- _Your objective_
Return nothing but the lines from the one with "Games Room Pano" through the one with "Printable Weekly Meal" in the data below, word for word and without pictures.

#### Data shown

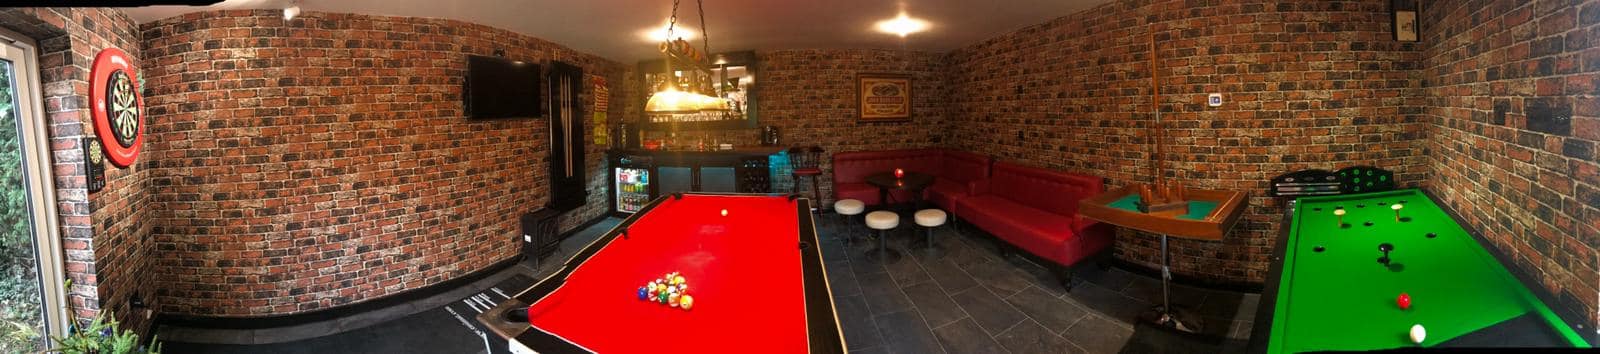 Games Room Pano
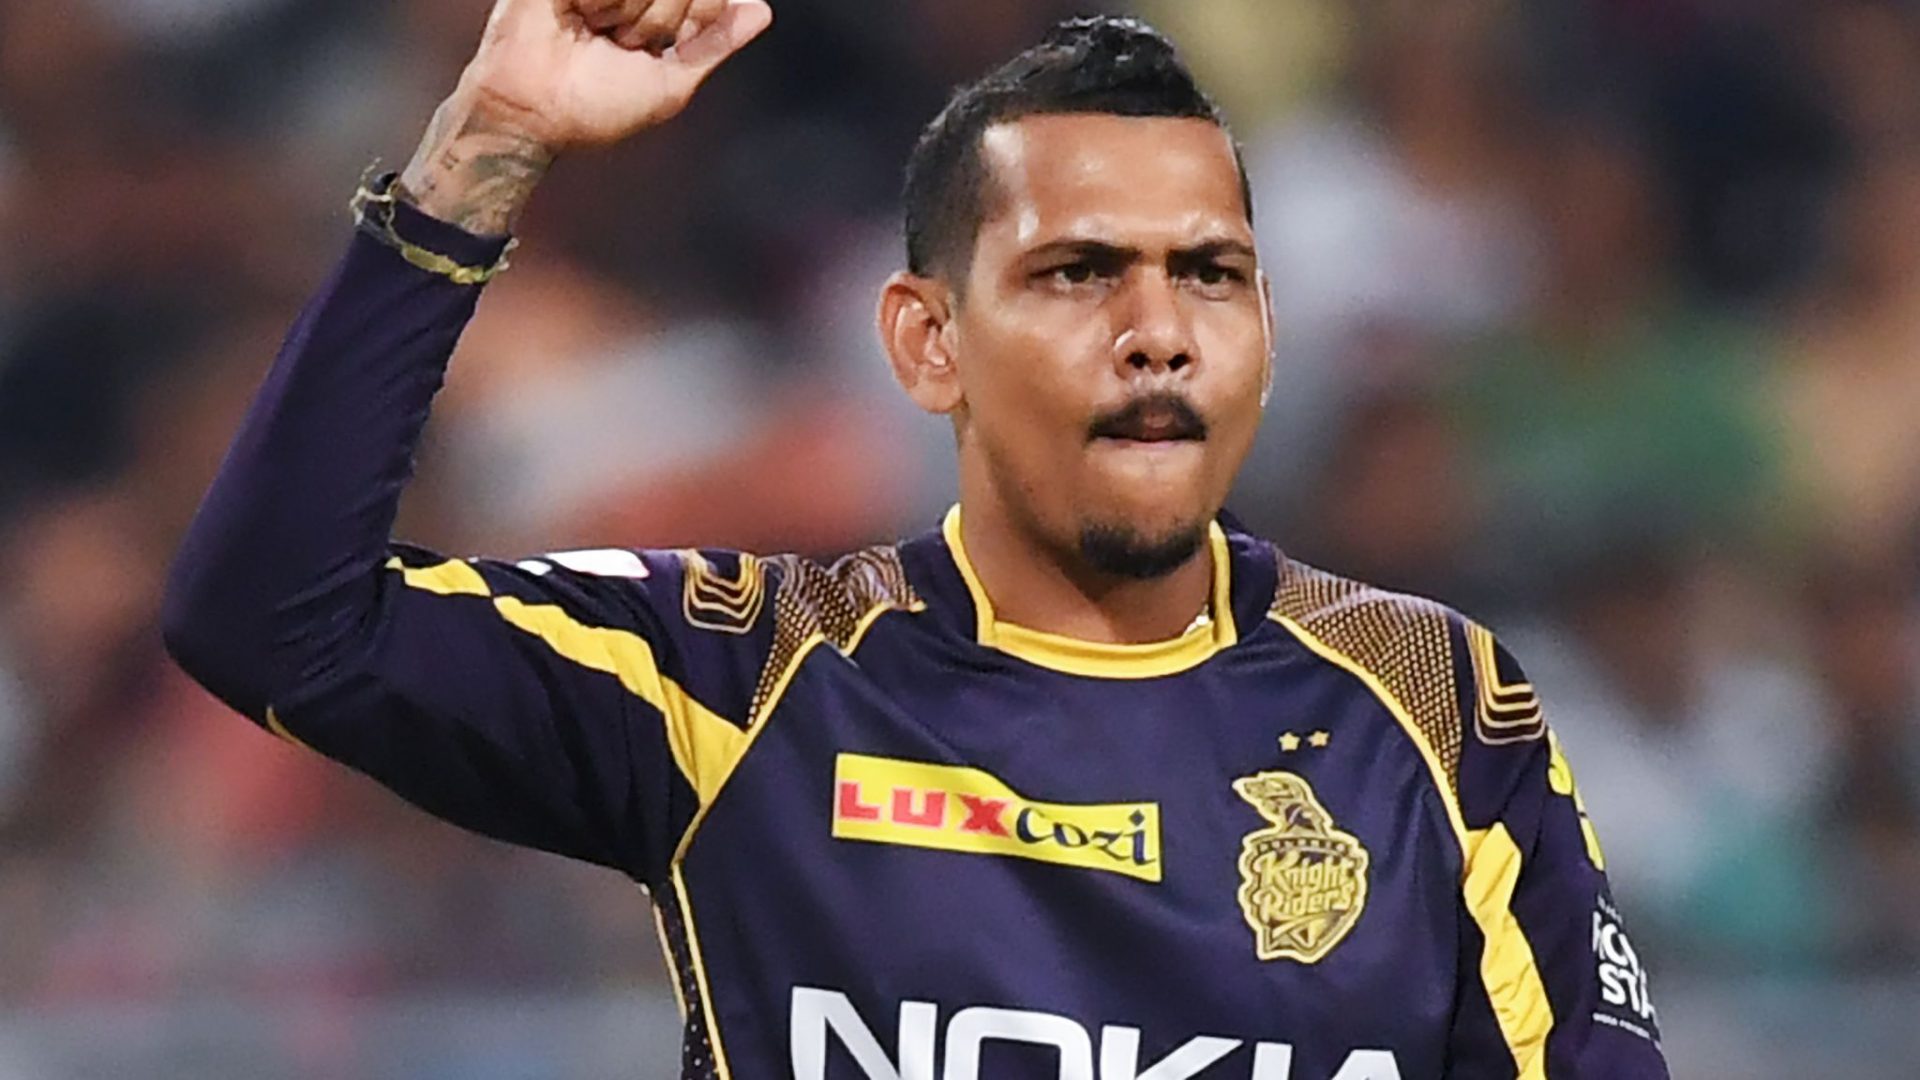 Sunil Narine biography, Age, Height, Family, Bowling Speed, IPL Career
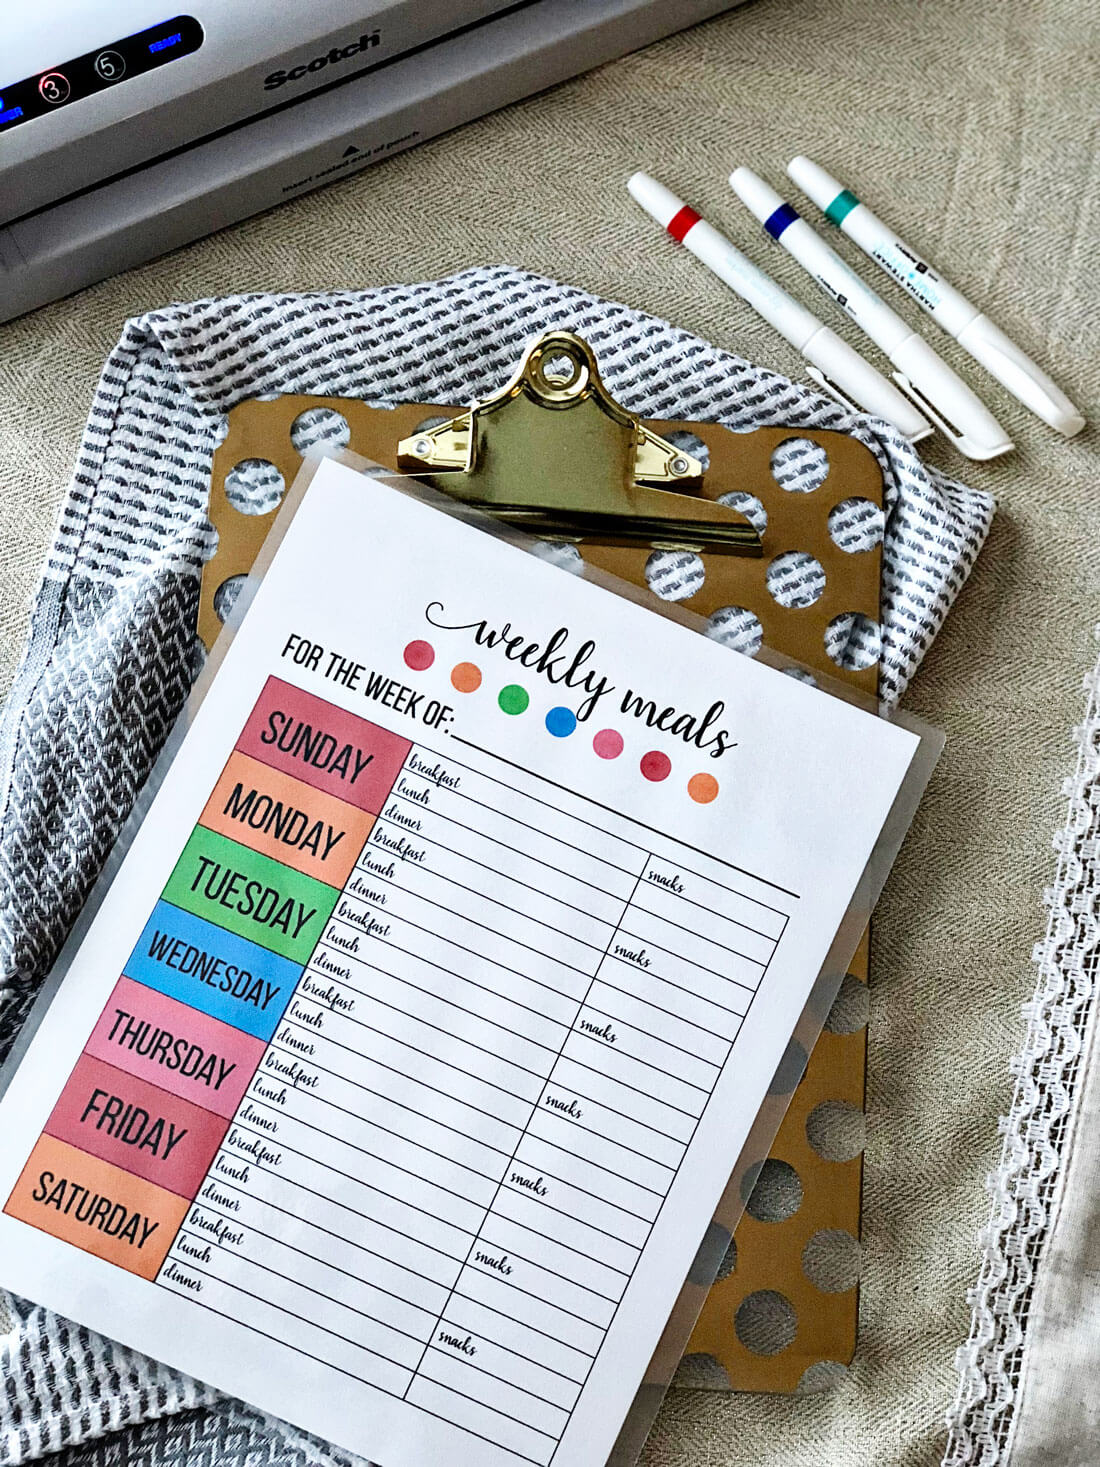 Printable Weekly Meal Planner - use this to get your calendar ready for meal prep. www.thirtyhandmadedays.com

########
#### Data shown

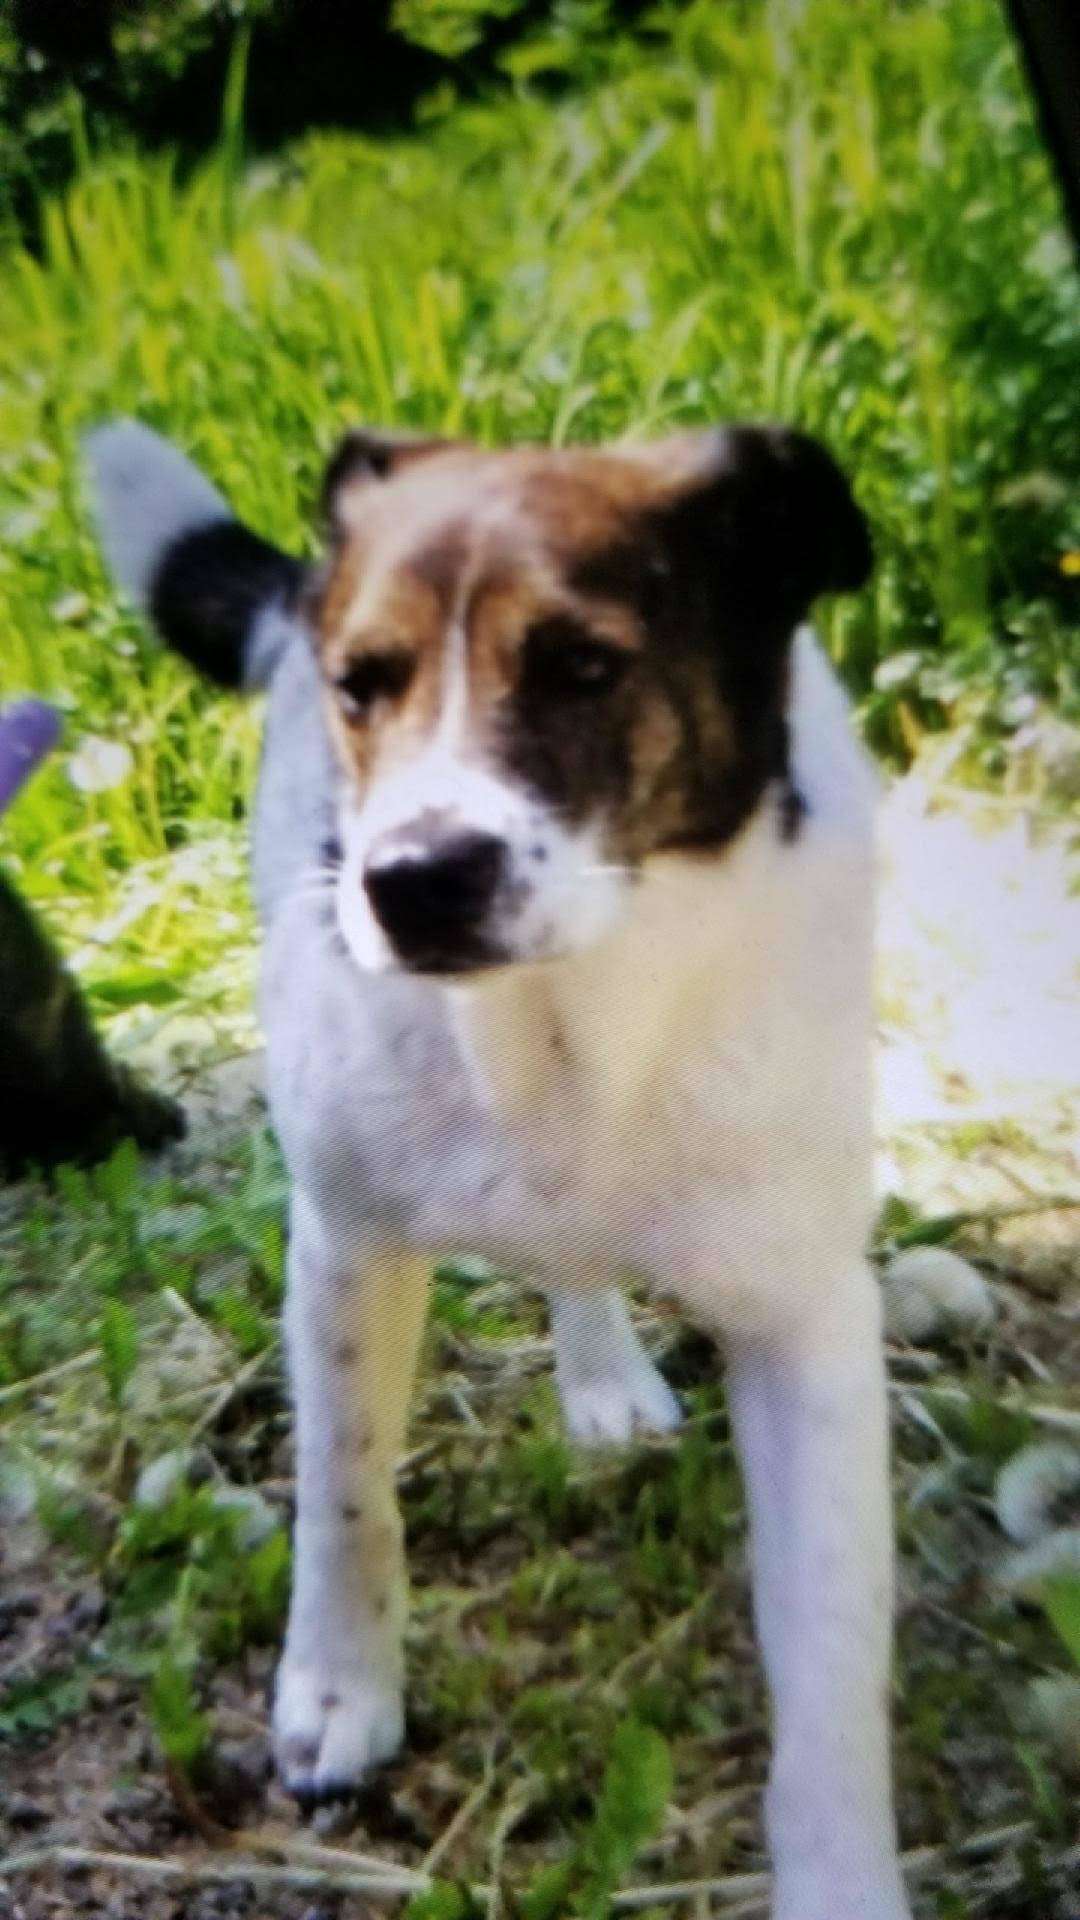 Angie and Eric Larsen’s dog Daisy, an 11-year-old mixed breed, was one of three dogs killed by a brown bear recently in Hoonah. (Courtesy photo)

########

- _Solution to this task_
 Games Room Pano
 Sunil Narine biography, Age, Height, Family, Bowling Speed, IPL Career
 Printable Weekly Meal Planner - use this to get your calendar ready for meal prep. www.thirtyhandmadedays.com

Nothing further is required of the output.